Fortunately, there is no shortage of design options to choose from. The supplier also offers a variety of flexible restaurant configurations, from larger tables (with or without leaves), round dining tables and countless seating options. Universal’s MacKenzie pointed out that the dining table benches have also regained their role because they can provide more flexible seating.
No longer a restaurant suite, but a mixed part, they can function in a variety of ways in a room with ever-increasing activities, especially in the last year.
With the continuous reimagining of the restaurant space, decorative elements also add personality to the space. Lighting is not an option. With the development of formal dining room furniture, so are the lamps above the tables. This is not to say that beautiful crystal chandeliers may still not be appreciated by people, but the consumers who create these multifunctional restaurants also focus on the lighting that their lamps can provide for various tasks and styles.

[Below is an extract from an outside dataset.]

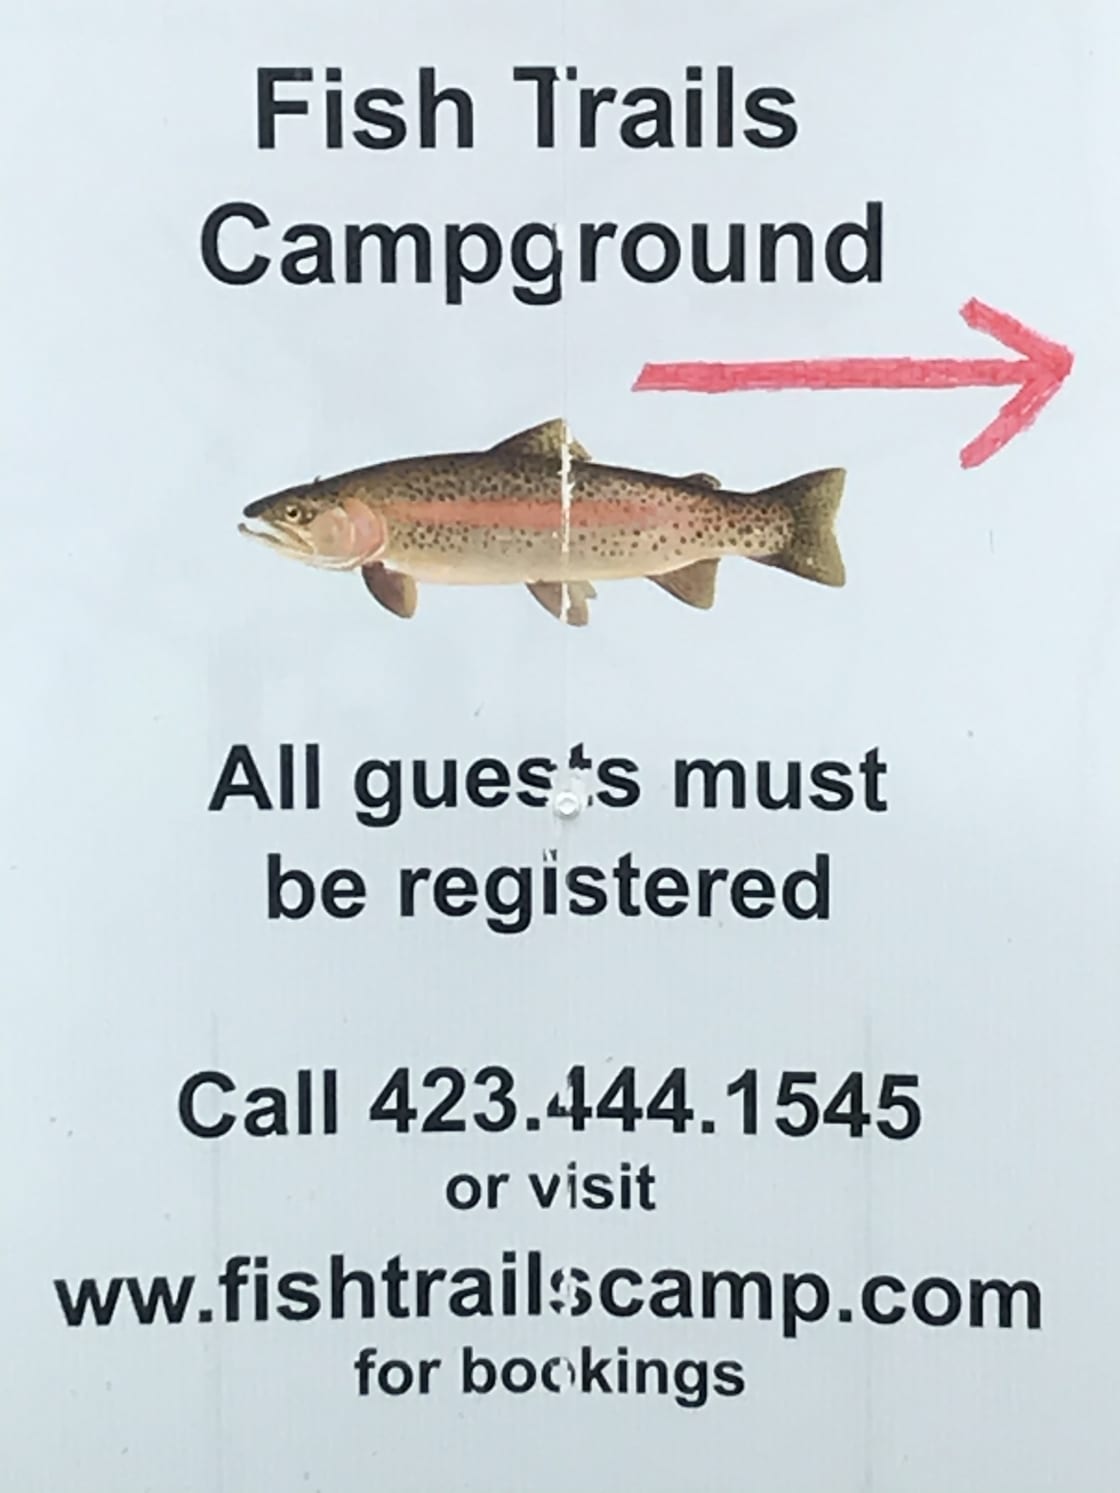 This is the campground entrance sign We have down By the gaurd rail before you cross the bridge coming into the property directly off of Highway 91

"We have seen our customers move away from the gorgeous Queen Elizabeth multi-crystal chandeliers in the restaurant and replace them with more modern and simplified shapes," said Robin Gordon, vice president of marketing at Elk Home.
Merida pointed out that overhead luminaires may not be enough for all the extra activities in the dining room, so recessed lighting or other task lighting is recommended, which is also helpful when the dining room is a classroom or work space. He added: "Through the joy of the dimmer switch, it can always look beautiful."

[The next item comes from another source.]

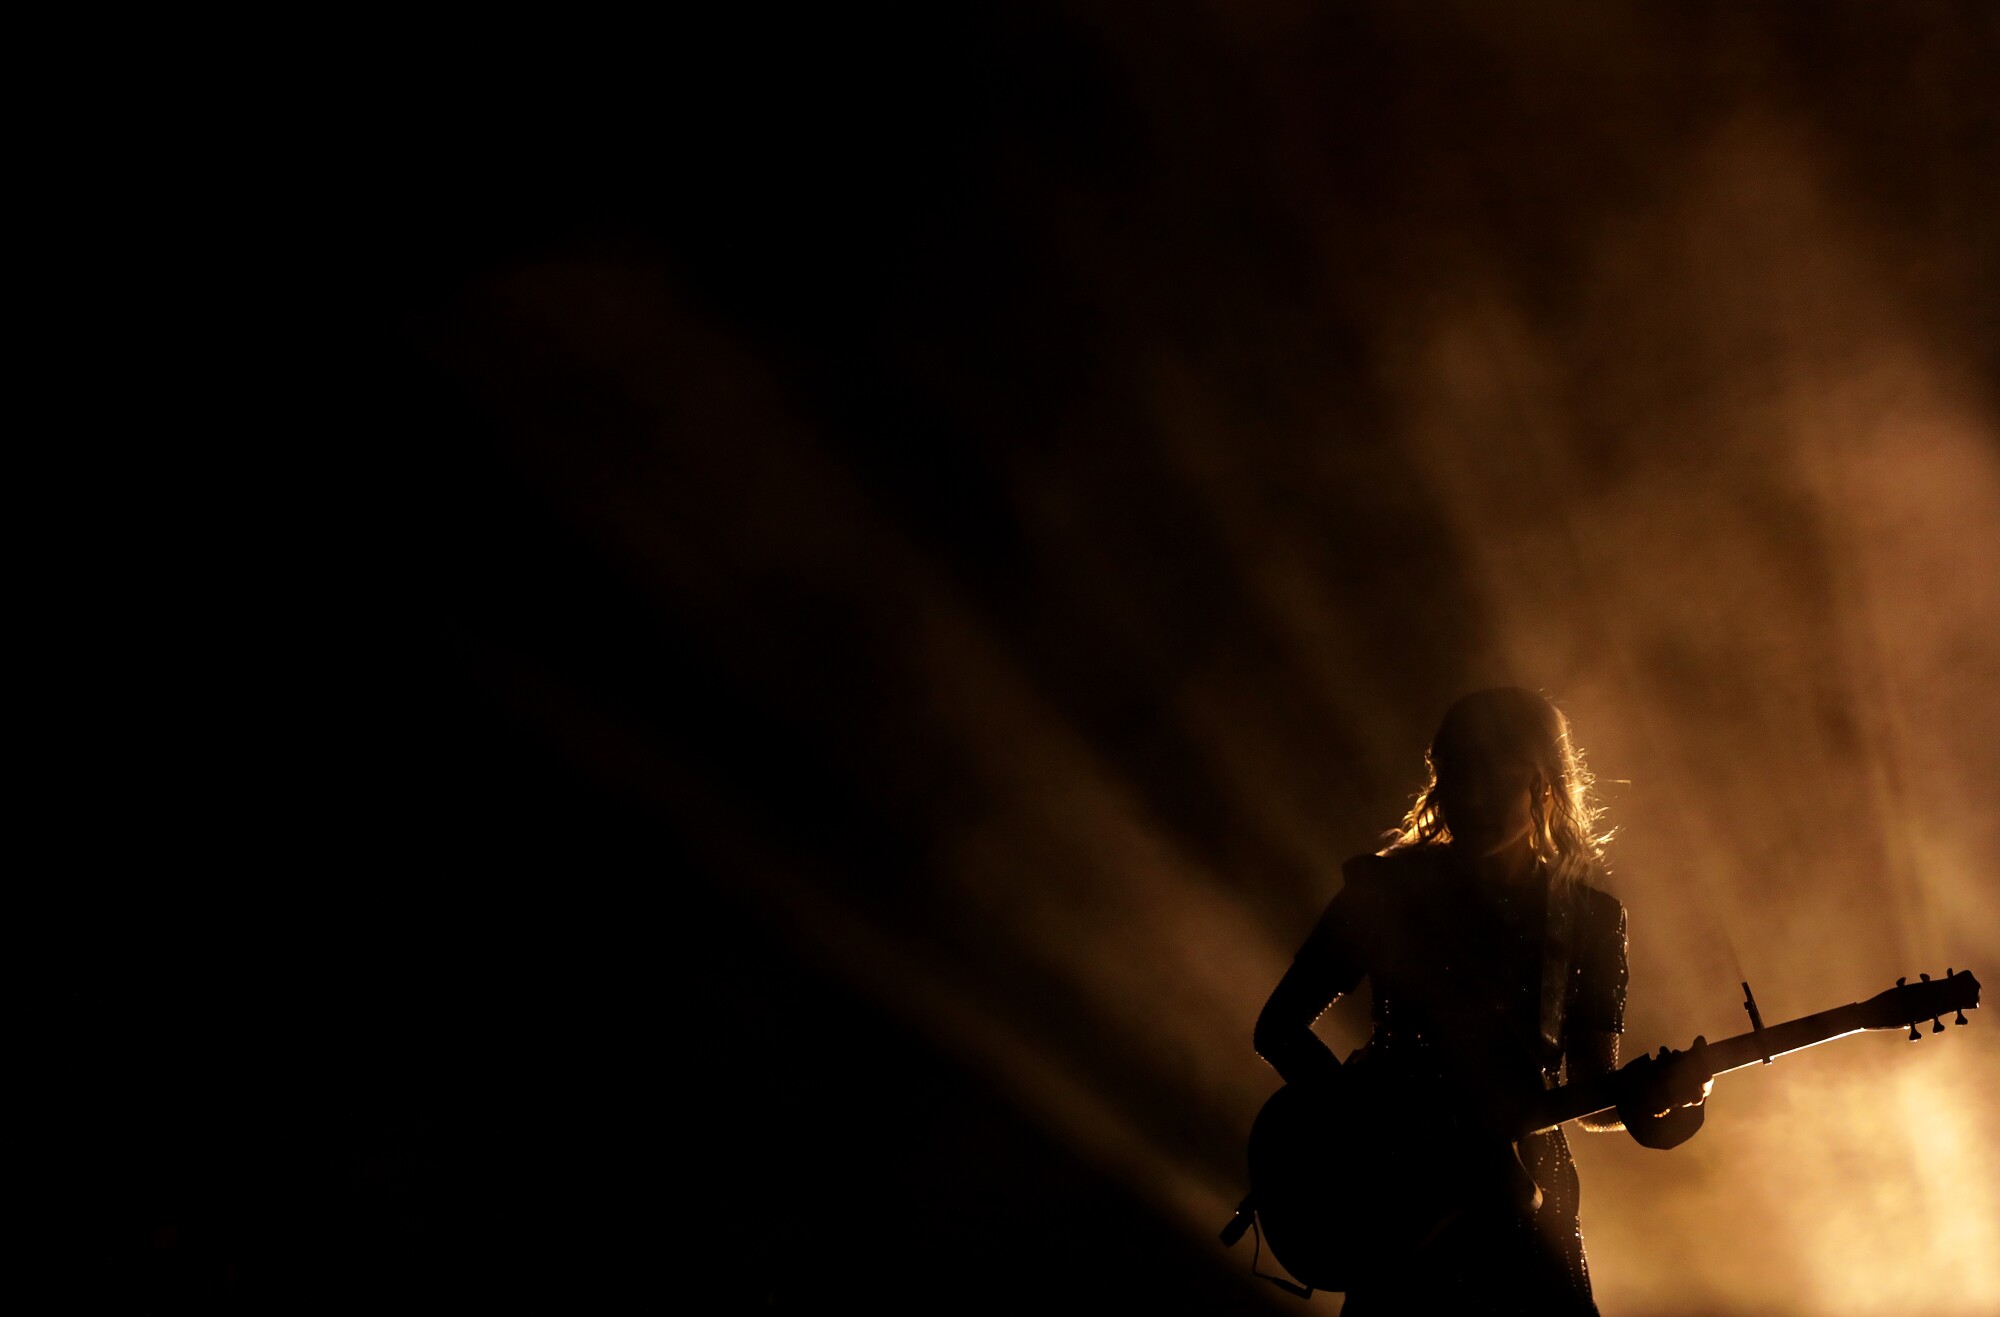 A woman is backlighted while she plays a guitar on a dark stage.

Other decorative elements, such as curtains, artwork or accessories, can also improve the design level. According to Penfield, individual feathers are the key to creating a livable space. "What do we want to see?" she suggested. Bold wallpaper, beautiful curtains, sideboards decorated with interesting handles... these types of details can bring life and interest to the room. In the case of an open floor plan, decorative elements can also be used to distinguish the dining space.
Merida agrees that the dining space has a personalized space. For example, in this space, you can add contemporary works of art to other traditional environments. He added that through decorative centerpieces and accents, you also want to be practical. He said: "What you want is not fragile and not easy to move."
As we overcome this pandemic, we can expect to see the development of canteen furniture, but this more informal approach may continue to drive consumer preferences.
In Penfield's design business, creating space for her client is to tell the story of the family. She said: "We are here to bring their stories to life through the decoration and choices in their homes." What does this mean for the future of the dining space? As we move forward, we may continue to see a mix of styles and configurations.